**Task objective:** Copy out the entries exactly, from the first line to the last.

[Records excerpted from a collection]
────────────────────────────────────────
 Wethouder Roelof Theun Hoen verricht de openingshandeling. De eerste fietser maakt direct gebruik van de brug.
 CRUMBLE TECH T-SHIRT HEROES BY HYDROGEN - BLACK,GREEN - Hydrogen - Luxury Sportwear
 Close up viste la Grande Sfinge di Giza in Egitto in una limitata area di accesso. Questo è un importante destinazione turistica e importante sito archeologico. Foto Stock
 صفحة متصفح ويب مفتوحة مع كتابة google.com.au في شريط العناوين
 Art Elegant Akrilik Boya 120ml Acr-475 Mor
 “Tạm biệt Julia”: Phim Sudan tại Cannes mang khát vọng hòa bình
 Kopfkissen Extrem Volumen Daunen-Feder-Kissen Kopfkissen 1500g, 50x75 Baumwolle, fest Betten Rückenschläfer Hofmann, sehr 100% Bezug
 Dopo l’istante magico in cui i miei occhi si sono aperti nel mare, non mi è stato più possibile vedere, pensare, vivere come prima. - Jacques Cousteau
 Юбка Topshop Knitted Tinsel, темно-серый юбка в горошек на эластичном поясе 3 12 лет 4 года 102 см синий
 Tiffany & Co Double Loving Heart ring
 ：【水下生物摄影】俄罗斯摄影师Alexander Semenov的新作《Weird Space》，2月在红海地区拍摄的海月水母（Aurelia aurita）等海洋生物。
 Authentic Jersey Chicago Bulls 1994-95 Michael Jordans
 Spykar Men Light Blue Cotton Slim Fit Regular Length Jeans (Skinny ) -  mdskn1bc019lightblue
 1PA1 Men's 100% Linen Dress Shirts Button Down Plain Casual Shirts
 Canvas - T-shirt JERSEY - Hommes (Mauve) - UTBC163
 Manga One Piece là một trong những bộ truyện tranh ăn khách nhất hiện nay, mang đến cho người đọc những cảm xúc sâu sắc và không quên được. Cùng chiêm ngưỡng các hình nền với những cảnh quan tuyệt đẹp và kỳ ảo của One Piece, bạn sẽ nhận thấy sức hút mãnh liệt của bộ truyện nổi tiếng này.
────────────────────────────────────────
**Written response:**
 Wethouder Roelof Theun Hoen verricht de openingshandeling. De eerste fietser maakt direct gebruik van de brug.
 CRUMBLE TECH T-SHIRT HEROES BY HYDROGEN - BLACK,GREEN - Hydrogen - Luxury Sportwear
 Close up viste la Grande Sfinge di Giza in Egitto in una limitata area di accesso. Questo è un importante destinazione turistica e importante sito archeologico. Foto Stock
 صفحة متصفح ويب مفتوحة مع كتابة google.com.au في شريط العناوين
 Art Elegant Akrilik Boya 120ml Acr-475 Mor
 “Tạm biệt Julia”: Phim Sudan tại Cannes mang khát vọng hòa bình
 Kopfkissen Extrem Volumen Daunen-Feder-Kissen Kopfkissen 1500g, 50x75 Baumwolle, fest Betten Rückenschläfer Hofmann, sehr 100% Bezug
 Dopo l’istante magico in cui i miei occhi si sono aperti nel mare, non mi è stato più possibile vedere, pensare, vivere come prima. - Jacques Cousteau
 Юбка Topshop Knitted Tinsel, темно-серый юбка в горошек на эластичном поясе 3 12 лет 4 года 102 см синий
 Tiffany & Co Double Loving Heart ring
 ：【水下生物摄影】俄罗斯摄影师Alexander Semenov的新作《Weird Space》，2月在红海地区拍摄的海月水母（Aurelia aurita）等海洋生物。
 Authentic Jersey Chicago Bulls 1994-95 Michael Jordans
 Spykar Men Light Blue Cotton Slim Fit Regular Length Jeans (Skinny ) -  mdskn1bc019lightblue
 1PA1 Men's 100% Linen Dress Shirts Button Down Plain Casual Shirts
 Canvas - T-shirt JERSEY - Hommes (Mauve) - UTBC163
 Manga One Piece là một trong những bộ truyện tranh ăn khách nhất hiện nay, mang đến cho người đọc những cảm xúc sâu sắc và không quên được. Cùng chiêm ngưỡng các hình nền với những cảnh quan tuyệt đẹp và kỳ ảo của One Piece, bạn sẽ nhận thấy sức hút mãnh liệt của bộ truyện nổi tiếng này.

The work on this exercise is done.